The Battle of France ended in France's defeat and armistices with Germany on 22 June 1940 and with Italy on 24 June. When both armistices went into effect on 25 June 1940, Jules Verne was at Casablanca.

===Vichy France===
After the surrender of France, Jules Verne served in the naval forces of Vichy France. She supported French submarines at Casablanca, then in November 1940 was placed under guard in an unarmed and unfueled state at Bizerte, Tunisia, in accordance with the terms of the June 1940 armistices. She underwent a refit at Bizerte, then was reactivated and got underway for Dakar in Senegal in French West Africa under escort by the submarine . The two vessels reached Dakar on 23 March 1941, and from then until December 1942 Jules Verne was stationed at Dakar to support French submarine operations there. During her stay in Dakar, Allied forces invaded French North Africa in Operation Torch on 8 November 1942, and after hostilities between Allied and Vichy French forces in French North Africa ceased on 11 November 1942, French forces in Africa switched to the Allied side to fight in the forces of Free France.

===Free France===

As a unit of the Free French Naval Forces, Jules Verne completed her assignment at Dakar in December 1942, then served at Port Étienne in Mauritania from January to September 1943. By December 1943 she was back at Dakar, then she moved to Algiers in Algeria, where she operated until September 1944. In August 1945, the month in which World War II ended with the surrender of Japan, she was converted into a repair ship for duty in French Indochina.

===Later service===

Jules Verne served in French Indochina from March 1946 to July 1955, supporting French amphibious warfare forces fighting in the First Indochina War as a repair ship and also operating as a transport. She underwent two refits during her service in French Indochina, one at the beginning of 1948 at Toulon, France, and one in late 1952 and early 1953 at Uraga, Japan.
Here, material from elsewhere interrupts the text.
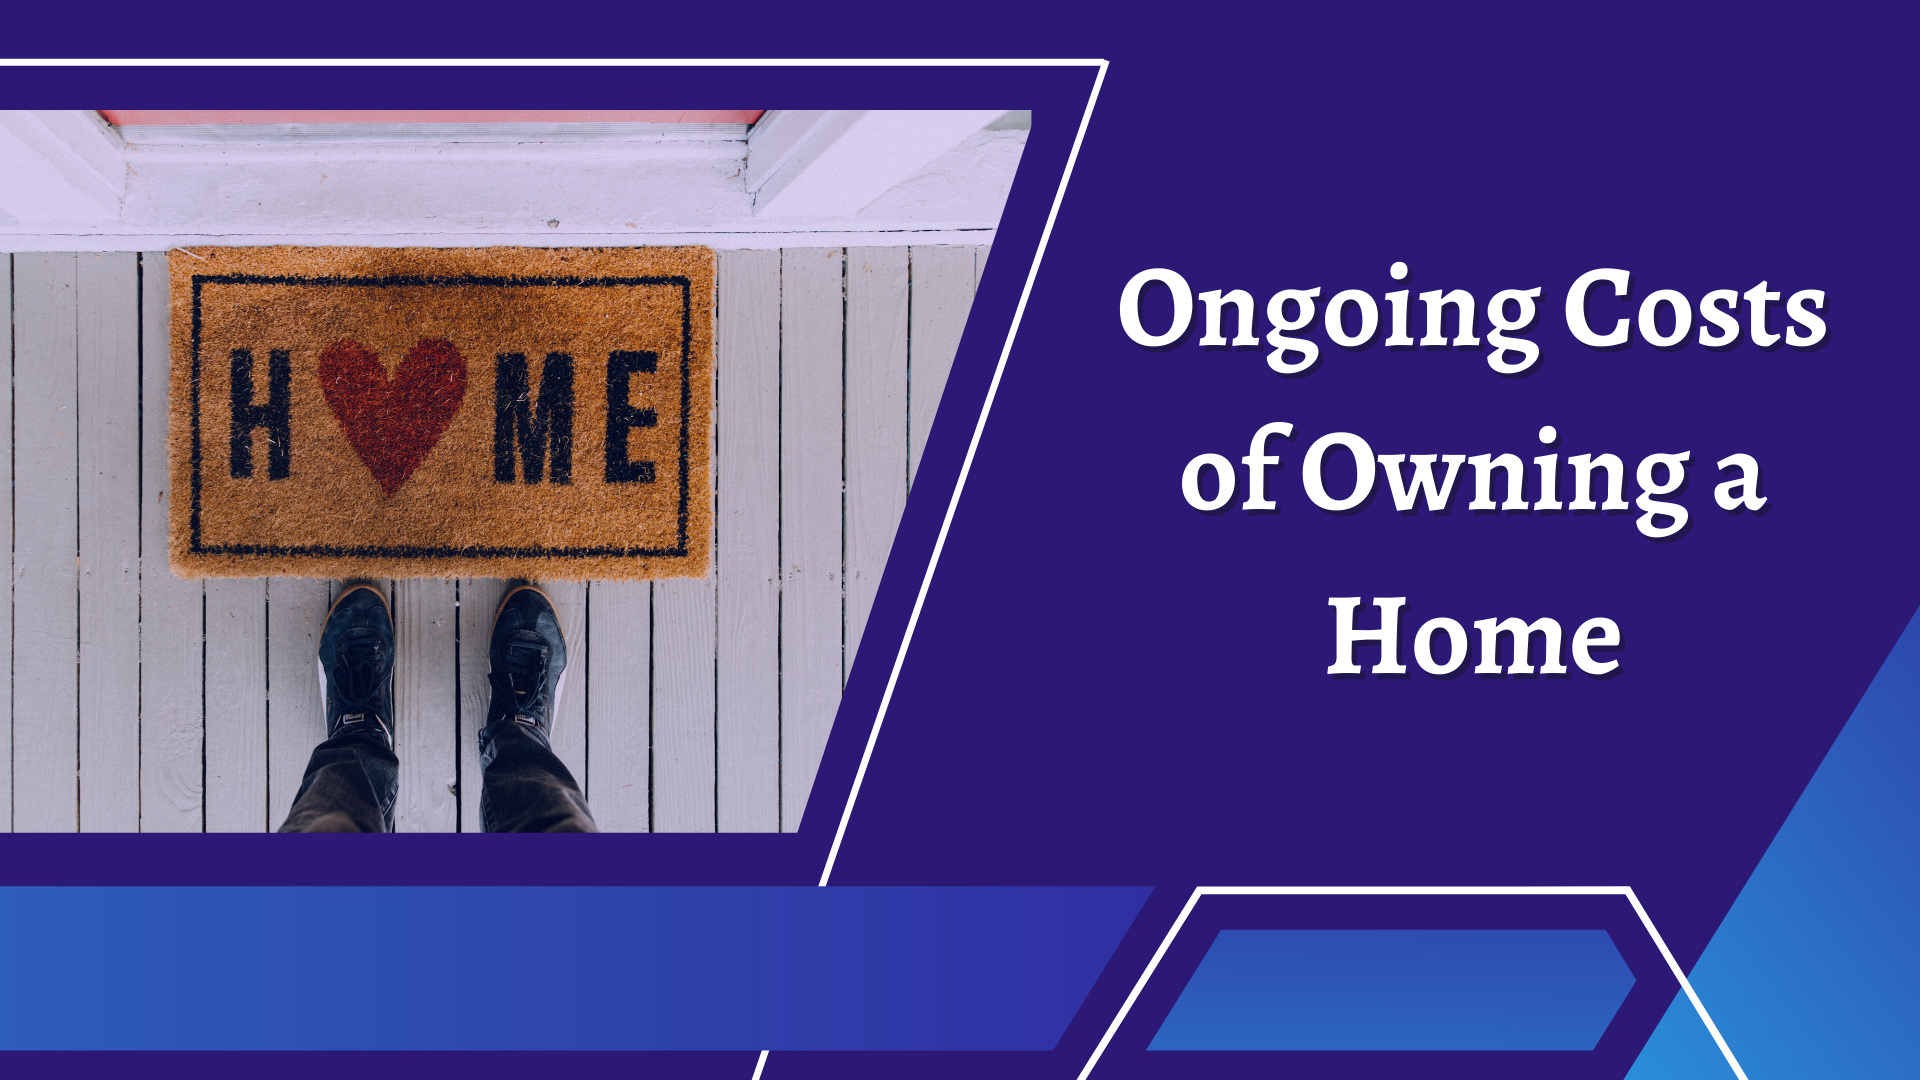 Ongoing Costs of Owning a Home

Concluding her service in French Indochina, Jules Verne returned to Toulon on 23 August 1955. Placed in reserve on 1 December 1955, she served at Saint-Mandrier-sur-Mer, France, as a barracks ship for the amphibious corps.

==Disposal==
Jules Verne was retired from active service in 1959. She was condemned on 1 August 1961 and scrapped in 1962 at La Seyne-sur-Mer, France.